RSS
Логотип
Баннер в шапке 1
Баннер в шапке 2

AI Talent Hub: LLAMATOR Framework for testing chatbots for vulnerabilities

Product
Developers: ITMO (Scientific and Educational Corporation), Napoleon IT (Napoleon Aichi)
Date of the premiere of the system: 2025/02/04
Technology: TMS - Test Management System,  Speech technologies

The main articles are:

2025: Introducing a framework for testing chatbots for vulnerabilities

Students ITMO have developed a framework for testing chat boats for vulnerabilities with an accuracy of 89%.

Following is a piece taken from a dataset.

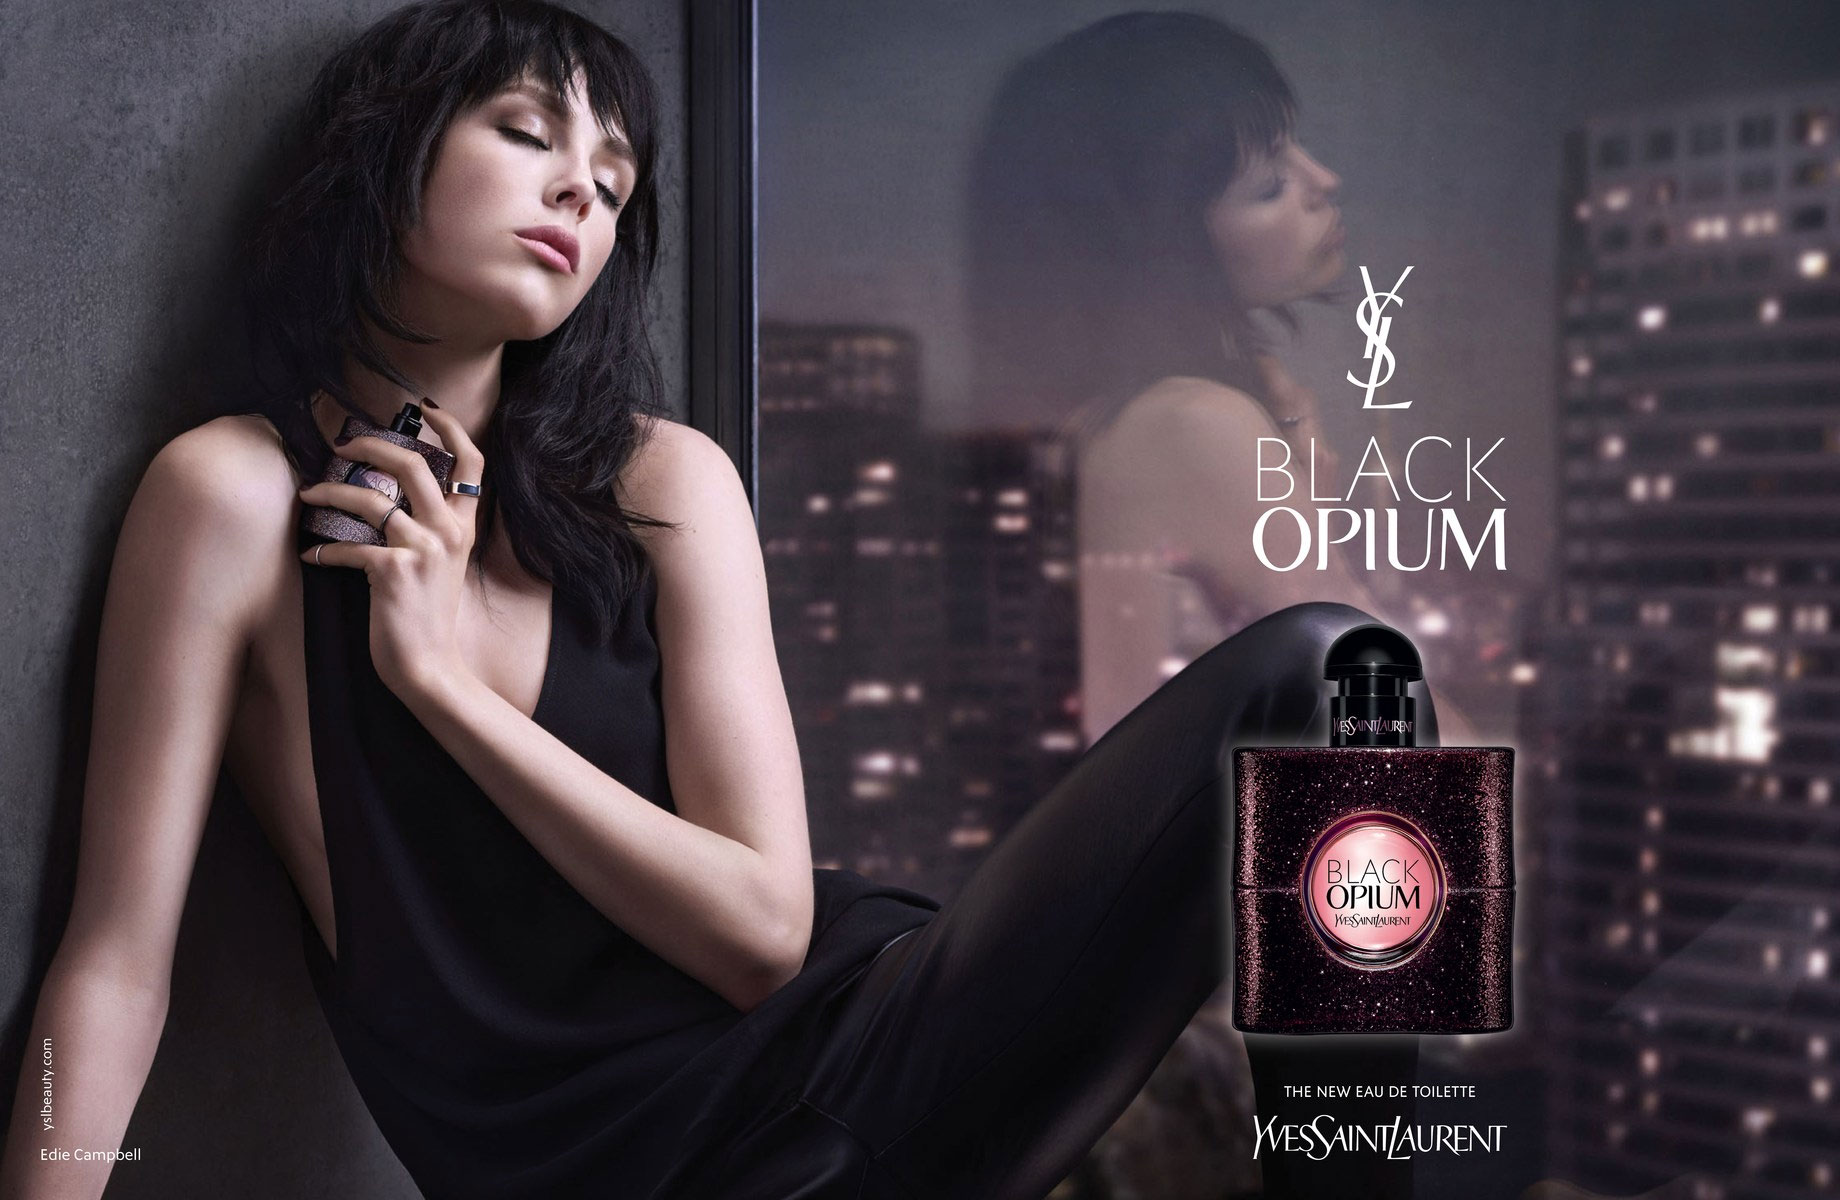 Yves Saint Laurent Black Opium Eau de Toilette Fragrance Ad
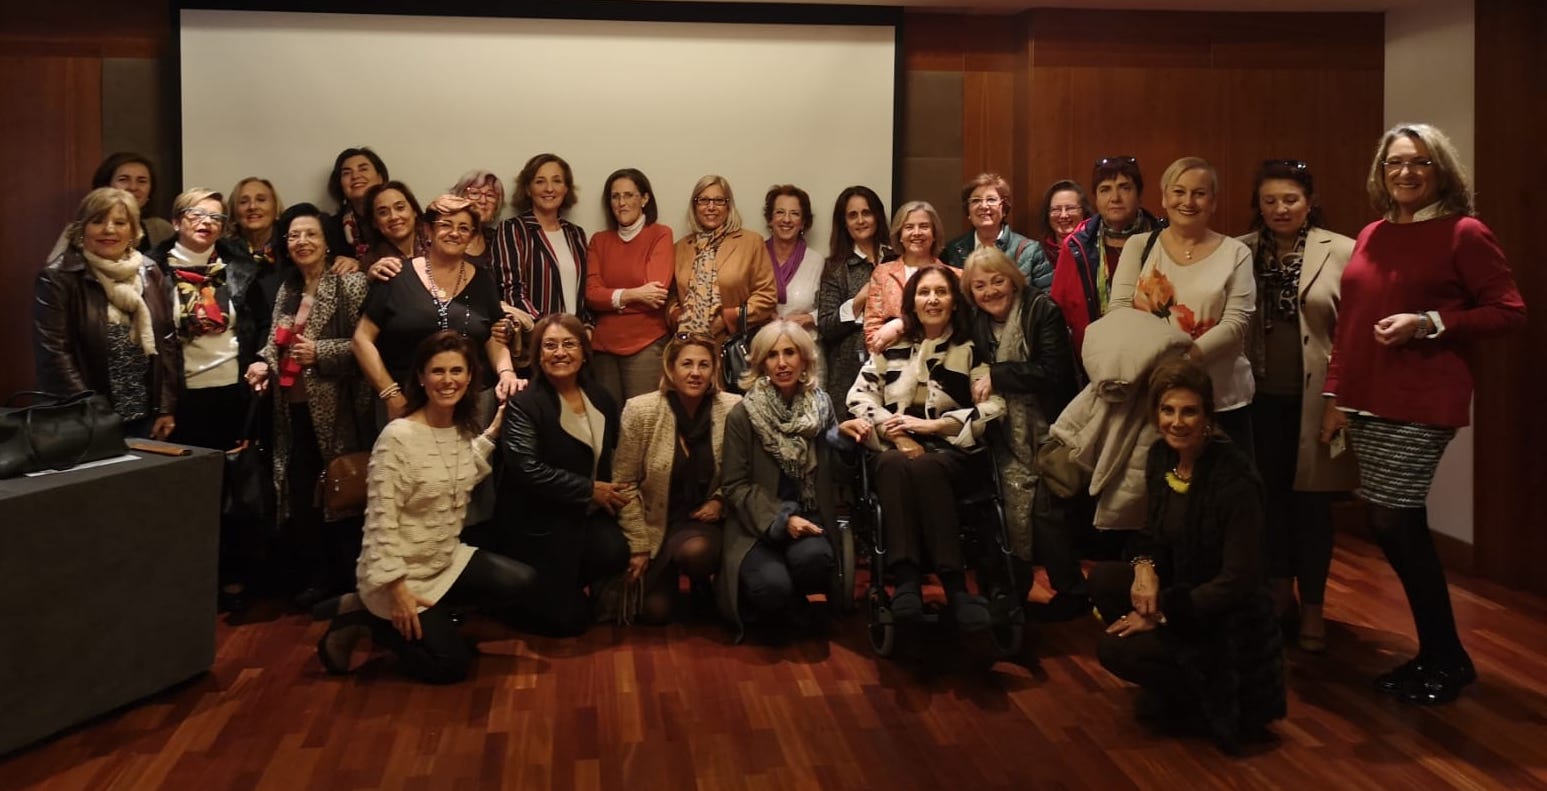 Amaya DirFunda charla Foro Mujeres Almeria.jpg1

The LLAMATOR framework developed within the AI Security Lab, warns against the issuance of conflicting information, sensitive data and invalid content by systems based on large language models, in particular commercial chatbots. This allows you to minimize legal and reputational risks of companies that use chatbots to interact with customers and employees. Napoleon IT (Napoleon Aichi) announced this on February 4, 2025.

Unlike other solutions in the market, LLAMATOR does not just test the system for resistance to external attacks with single requests, and leads with it full-fledged automated dialogues, selecting and improving an attacking strategy based on system responses. The framework can test models in both English and Russian and supports a wide range of tests - from simple prompt injections prior to deep hallucination and incorrect generation testing.

{{quote 'One of the main difficulties was to create a model capable of realistically mimic human interaction. We spent a lot of experiments with the selection of the attacking model and its systemic industrial training - to us We managed to achieve 89% accuracy in identifying vulnerabilities using the approach LLM-as-a-Judge, - said "'Timur Nizamov, one of the developers of the solution LLAMATOR.}}

The framework comes with a freemium model: its source code is open, but the command developers can conduct a comprehensive security audit of chat bots and AI systems at the request of the company. LLAMATOR integrates with a variety of platforms, including Web, REST API, Telegram, WhatsApp and others.

It is planned to scale the testing solution in the near future multi-agent AI systems and systematic commercial operation. As early as February 2025 negotiations are underway on technological and methodological cooperation with potential customers and large AI vendors.